Autre perspective: dans le cadre des réflexions sur la réorganisation des armées, il est question de privilégier une « logique métier au détriment d’une logique milieu ». En clair, les commissaires de la Marine pourraient disparaître et être remplacés par un service juridique interarmées dont l’expérience professionnelle de la vie en mer serait très facultative. Et bien sûr, la Marine n’est pas favorable à cette évolution.
Des questions qui fâchent ou inquiètent
Dans son propos introductif Xavier de la Gorce, ancien élève de l’EOCM et actuel secrétaire général de la mer a posé quelques questions qui peuvent sensibiliser tout contribuable d’un État côtier: comment remorque-t-on un porte-conteneurs de 13 000 EVP et armé par 13 hommes? Comment sauve-t-on un paquebot comptant 5 500 passagers et membres d’équipage? Les États côtiers doivent-ils tout supporter seuls? Que fait-on réellement en matière de prévention de l’accident?
En conclusion, le SG mer a noté que de nombreux éléments convergeaient vers un renforcement du rôle du préfet maritime: la dimension européenne des pollutions marines (curieusement les seules qui « comptent » sont celles résultant d’un déversement massif d’hydrocarbures lourds), le nombre croissant de parties prenantes ainsi que celui des victimes potentielles, l’émergence de nouvelles lois issues du Grenelle de l’environnement et la restructuration de l’État.
Mon action et mon droit
« Pour chaque urgence, je mobilise une cellule juridique. Cela est lourd et difficile, mais inévitable pour éviter les mises en cause ultérieures », a expliqué le vice-amiral d’escadre (VAE) Rolin, préfet maritime (prémar) d’Atlantique. Il a souligné que « le tempo de l’urgence n’était pas celui du droit »: l’urgence s’accommode mal de la question du type « ai-je bien le droit? ».

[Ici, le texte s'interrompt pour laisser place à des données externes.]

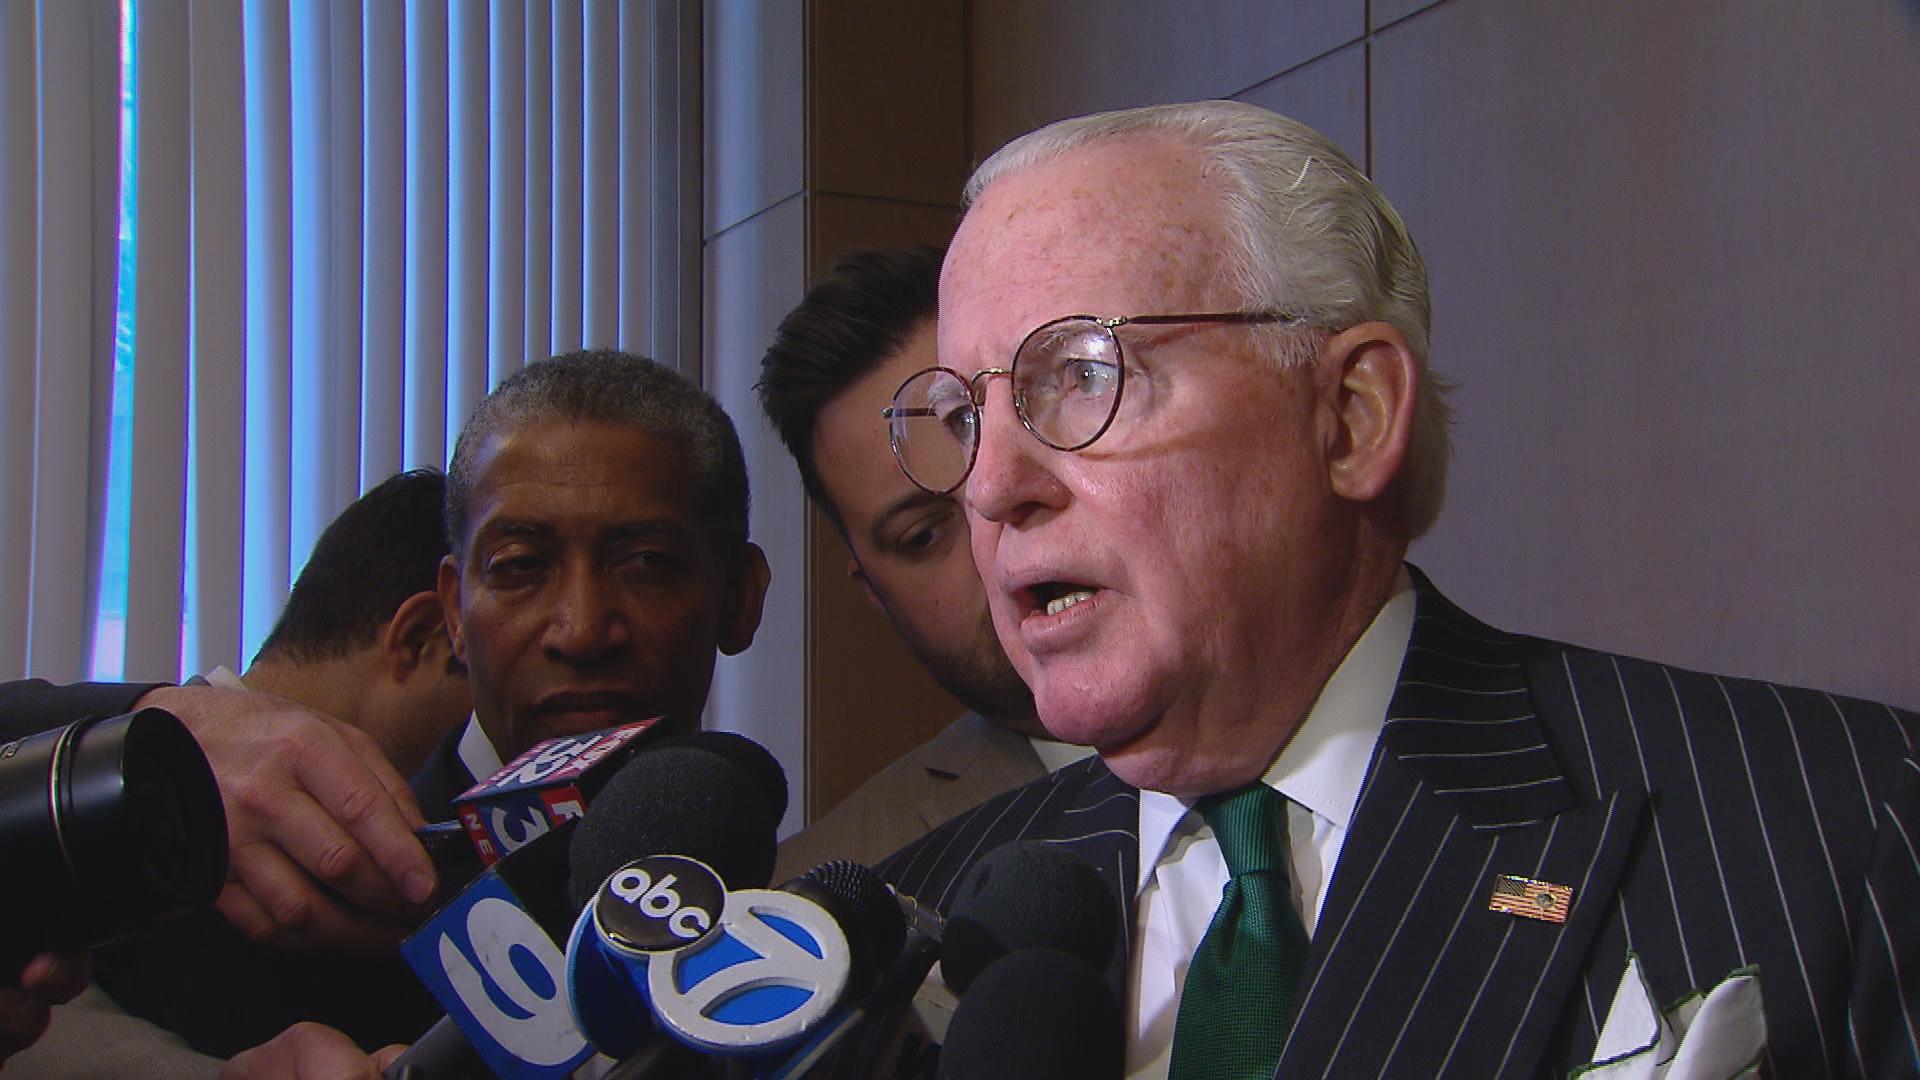 Ald. Ed Burke (14th Ward): “We’re the best and the busiest air hub in the nation, and people who are flying out of Chicago, whether it's O'Hare or Midway, shouldn't be subjected to the kind of hardships that they are today, because of the ineptitude of the TSA.”

Le droit reste cependant une notion relative. Selon que le skipper d’un voilier suscitant des inquiétudes est une personne connue ou non, le préfet reçoit un nombre plus ou moins grand de coups de téléphone l’invitant, en toute indépendance, à poursuivre les recherches financées par les contribuables, a constaté le prémar d’Atlantique.
L’expérience de l’Erika a été bien retenue par le personnel chargé de l’AEM: même lorsqu’un navire annule son May Day, le prémar envoie, pour voir, une équipe d’évaluation. Cela n’a certes pas empêché l’Advance de couler (JMM du 4-4-2008, p. 5), mais au moins le prémar n’a-t-il pas été surpris. « Il faut toujours sortir le marteau-pillon au cas où. On démobilise après, s’il y a lieu », a-t-il conclu.
L’Espagne: toujours pas grand-chose
En Méditerranée, depuis que la France a largement étendu sa zone de protection écologique, le nombre de déballastages d’hydrocarbures est bien inférieur à celui constaté le long du littoral italien ou espagnol, a témoigné le prémar de la région, Jean Tandonnet.
Si la coopération commence à développer avec l’Afrique du Nord, Jean Tandonnet s’est dit préoccupé par le « trou noir » que constitue la Libye avec laquelle il n’existe aucun accord, ni même de contact en cas d’accident maritime grave dans la zone. La Libye n’est pas la seule à poser problème. Malgré les dysfonctionnements constatés dans l’affaire du Prestige, l’Espagne est toujours « dans l’incapacité à organiser un dialogue coopératif entre les régions autonomes et l’État central », a répondu le prémar d’Atlantique ajoutant qu’il a fallu bien des efforts pour parvenir à la signature entre la France et l’Espagne d’un simple accord technique d’échanges d’informations en cas de problèmes avec un navire.
À l’occasion de la présidence française de l’UE, ce dossier pourrait être repris différemment, laissait entendre une source proche du dossier. Dans le cadre du projet de directive Erika-3, la France pourrait ainsi se désolidariser de la position de l’Espagne si cette dernière n’arrive toujours pas à déterminer clairement qui décide de quoi en matière d’AEM dans les eaux espagnoles.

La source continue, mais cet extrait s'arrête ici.